The existing language of 1901.6 may be one reason that BZA would much rather see the Commercial Corridors/Areas working group come up with new language rather than attempt to interpret or enforce the current muddy language. In any case, it's important not to confuse the entire Arts Overlay Zone's land use restrictions with those circumscribed by 1901.6.
by Phil Spalding on Apr 30, 2009 1:46 pm • link • report
Well, no. It provides a service that individual members of the neighborhood need, but doesn't bring the neighborhood together. Instead, it forces people *outside* the neighborhood. So, it's individual serving, not neighborhood serving.

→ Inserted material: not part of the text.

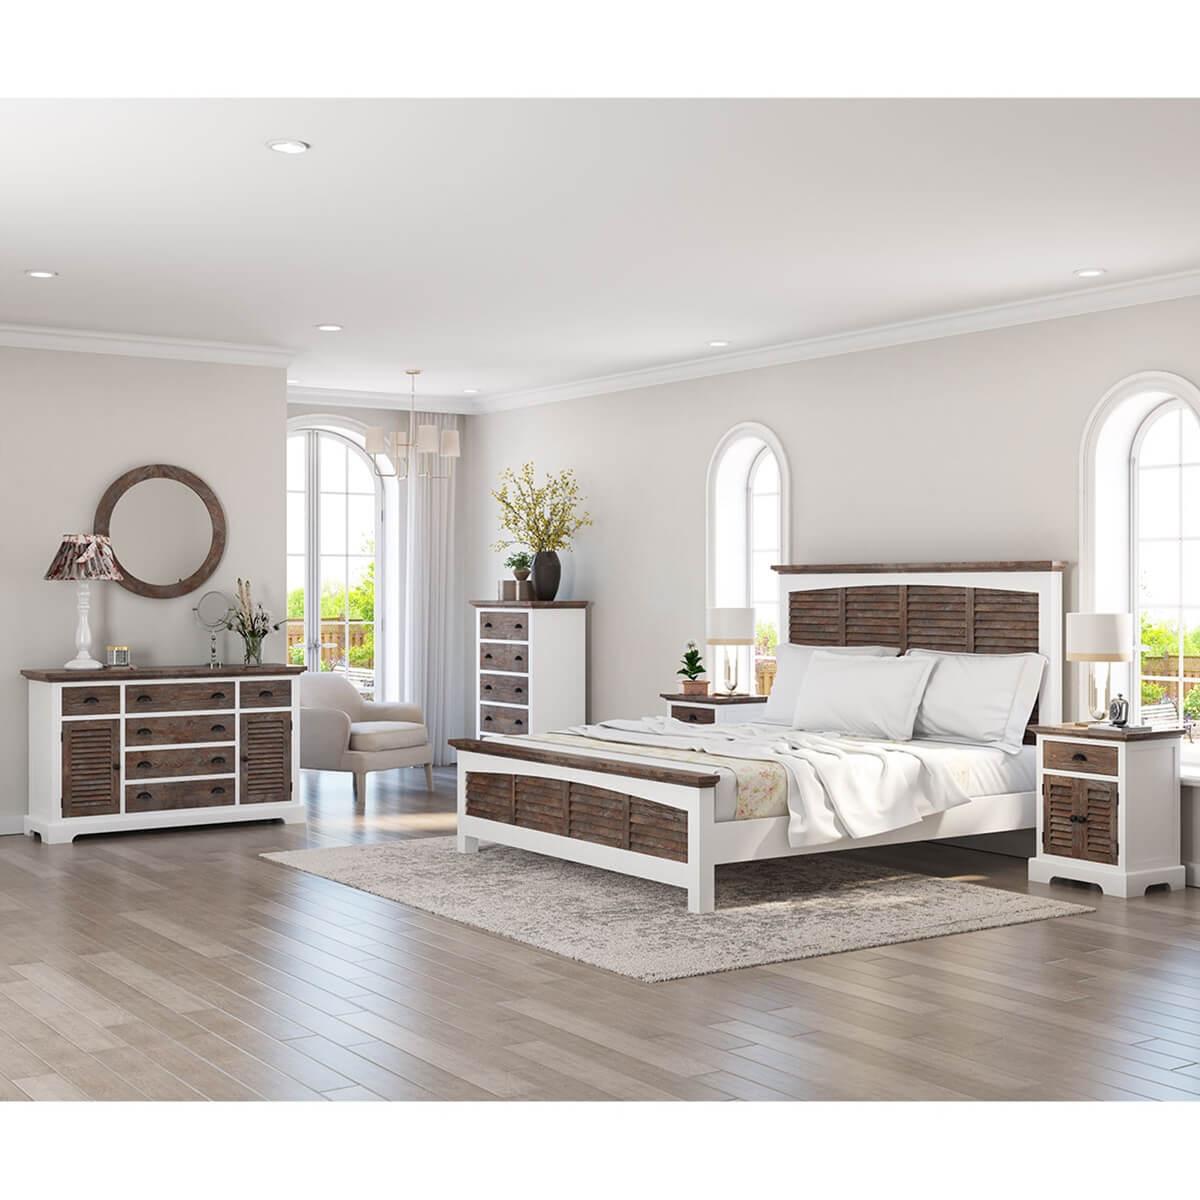 Danville Teak And Mahogany Wood Modern 5 Piece Bedroom Set
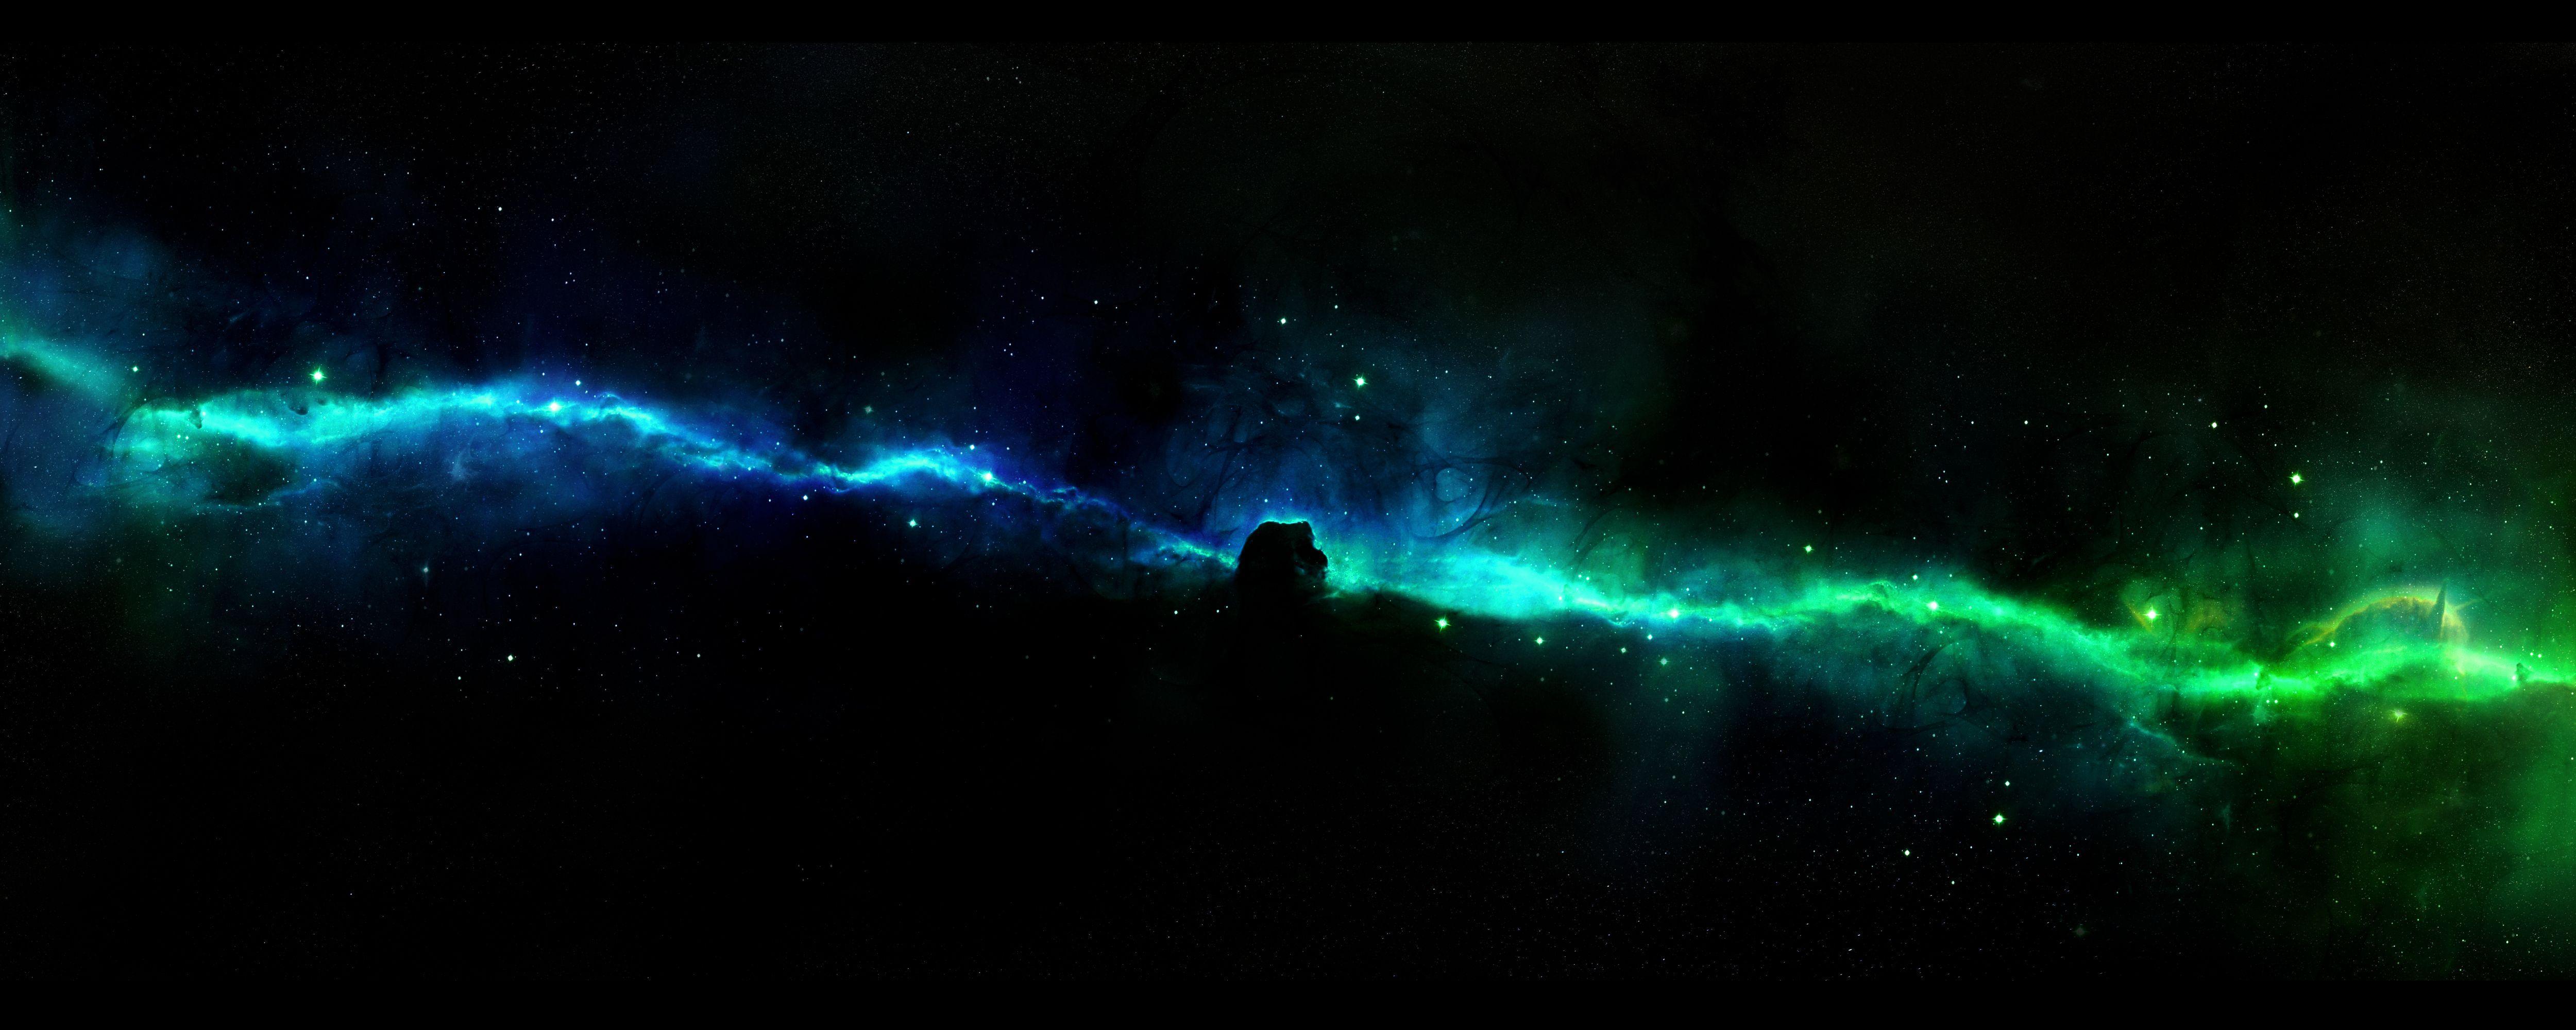 4k Space Wallpaper: 16K Ultra HD Space Wallpapers

by KB on Apr 30, 2009 1:51 pm • link • report
I would prefer to see some sort of incentive system than artificial caps on certain types of businesses. I'm not in big favor of giving a drug store (i.e., CVS) some sort of favoritism, but I'd rather that than preventing restaurants that the community could support.
As for the problems--trash and loading zones--why can't enforcement of that be made better? If funding is lacking, raise commercial tax rates. Or decide that the entire community/neighborhood benefits from better trash handling and more sensible loading constraints.
by ah on Apr 30, 2009 2:41 pm • link • report
As I said on yesterday's topic, the problem is too much of a street shuttered in the daytime. The street-frontage approach allows more nightclubs to open in upper stories and basements and encourages sidewalk-level development of daytime activity. (And I would exclude bars and restaurants open in the daytime from the street-frontage limit).
by Tom Coumaris on May 1, 2009 9:16 am • link • report
And that doesn't even take into consideration the reality that many retail sectors are difficult to profitably "represent" in small commercial districts.
This isn't a phenomenon unique to DC. Columbia, Maryland's neighborhood commercial districts (shopping centers) are also faltering because more were built than can be supported by the current population, based on how people tend to shop, and how the retail sector is organized and structured to deliver shopping options.